Crispy on the outside and tender on the inside, they bring the perfect blend of flavors and textures. Made primarily with chickpeas, fresh herbs, and simple pantry staples, these balls are incredibly versatile — perfect as appetizers, packed lunches, or even a main dish when paired with your favorite sides.
Whether you’re vegan, vegetarian, or simply looking to add more plant-based meals into your diet, this recipe will become a staple in your kitchen.
Not only are these chickpea balls easy to prepare, but they also incorporate wholesome ingredients that nourish your body and satisfy your taste buds. So grab your apron and get ready to whip up a batch of these tasty treats that everyone will love!
Why You’ll Love This Recipe
Flavorful and nutritious: Chickpeas are a fantastic source of protein and fiber, making these balls as good for your health as they are for your palate.
Easy to customize: Add spices, herbs, or dipping sauces to suit your taste, or make them gluten-free by swapping breadcrumbs.
Perfect for any occasion: Serve them as party appetizers, in wraps, or alongside a fresh salad for a hearty meal.
Plus, they’re vegan-friendly, making them a great choice for anyone seeking plant-based options.
Ingredients
- 1 can (15 oz) chickpeas, drained and rinsed
- 1/2 cup breadcrumbs (use gluten-free if preferred)
- 1/4 cup finely chopped onion
- 2 cloves garlic, minced
- 2 tablespoons fresh parsley, finely chopped
- 2 tablespoons ground flaxseed mixed with 6 tablespoons water (flax egg)
- 1 teaspoon ground cumin
- 1/2 teaspoon smoked paprika
- 1/2 teaspoon salt
- 1/4 teaspoon black pepper
- 2 tablespoons olive oil, for frying
- Optional: pinch of chili flakes for heat
Equipment
- Food processor or blender
- Mixing bowl
- Measuring cups and spoons
- Non-stick skillet or frying pan
- Spatula or tongs
- Baking sheet (if baking instead of frying)

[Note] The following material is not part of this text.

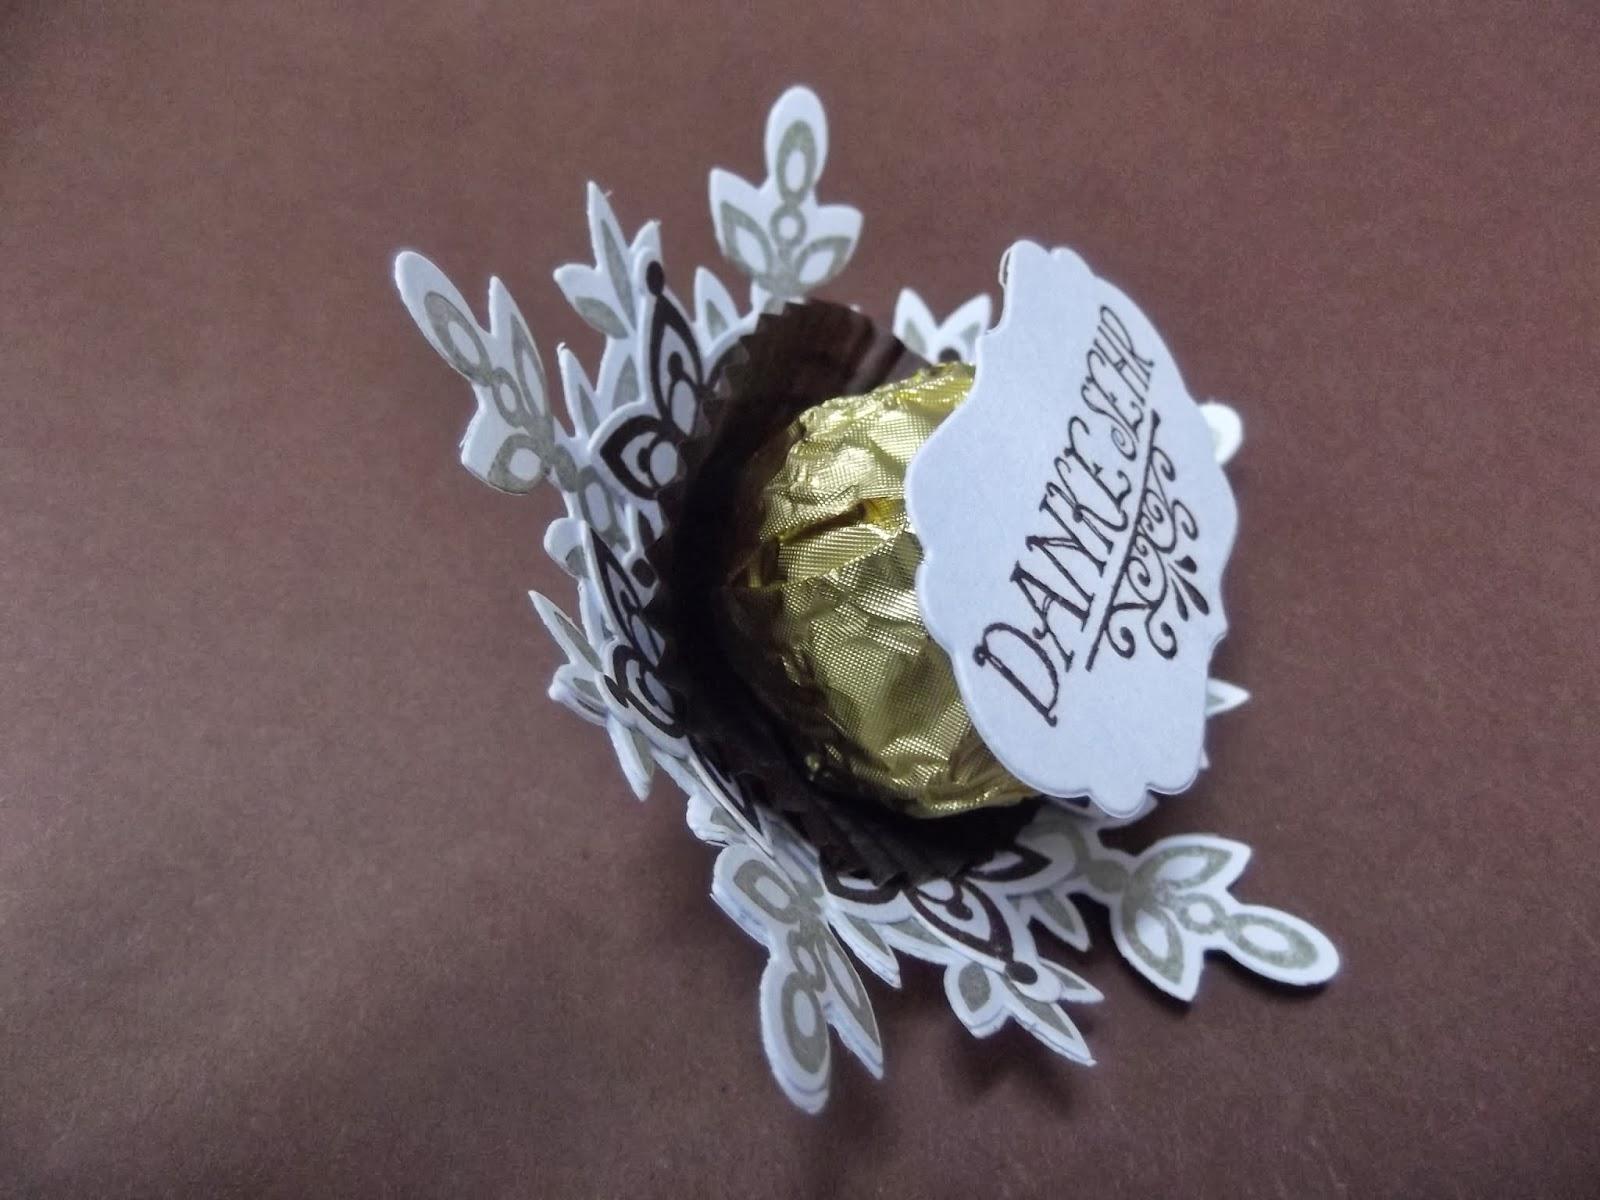 Stanzschablone Zahnrad Hochzeit Valentinstag Geburtstag Weihnachten Karte Album

- Parchment paper (optional, for baking)
Instructions
- Prepare the flax egg: In a small bowl, combine the ground flaxseed with water. Stir well and let it sit for 10 minutes until it thickens.
- Process the chickpeas: Place the drained chickpeas into the food processor. Pulse a few times until coarsely mashed but not pureed—you want some texture.
- Add the aromatics and spices: Add the chopped onion, minced garlic, parsley, cumin, smoked paprika, salt, black pepper, and chili flakes if using. Pulse until combined.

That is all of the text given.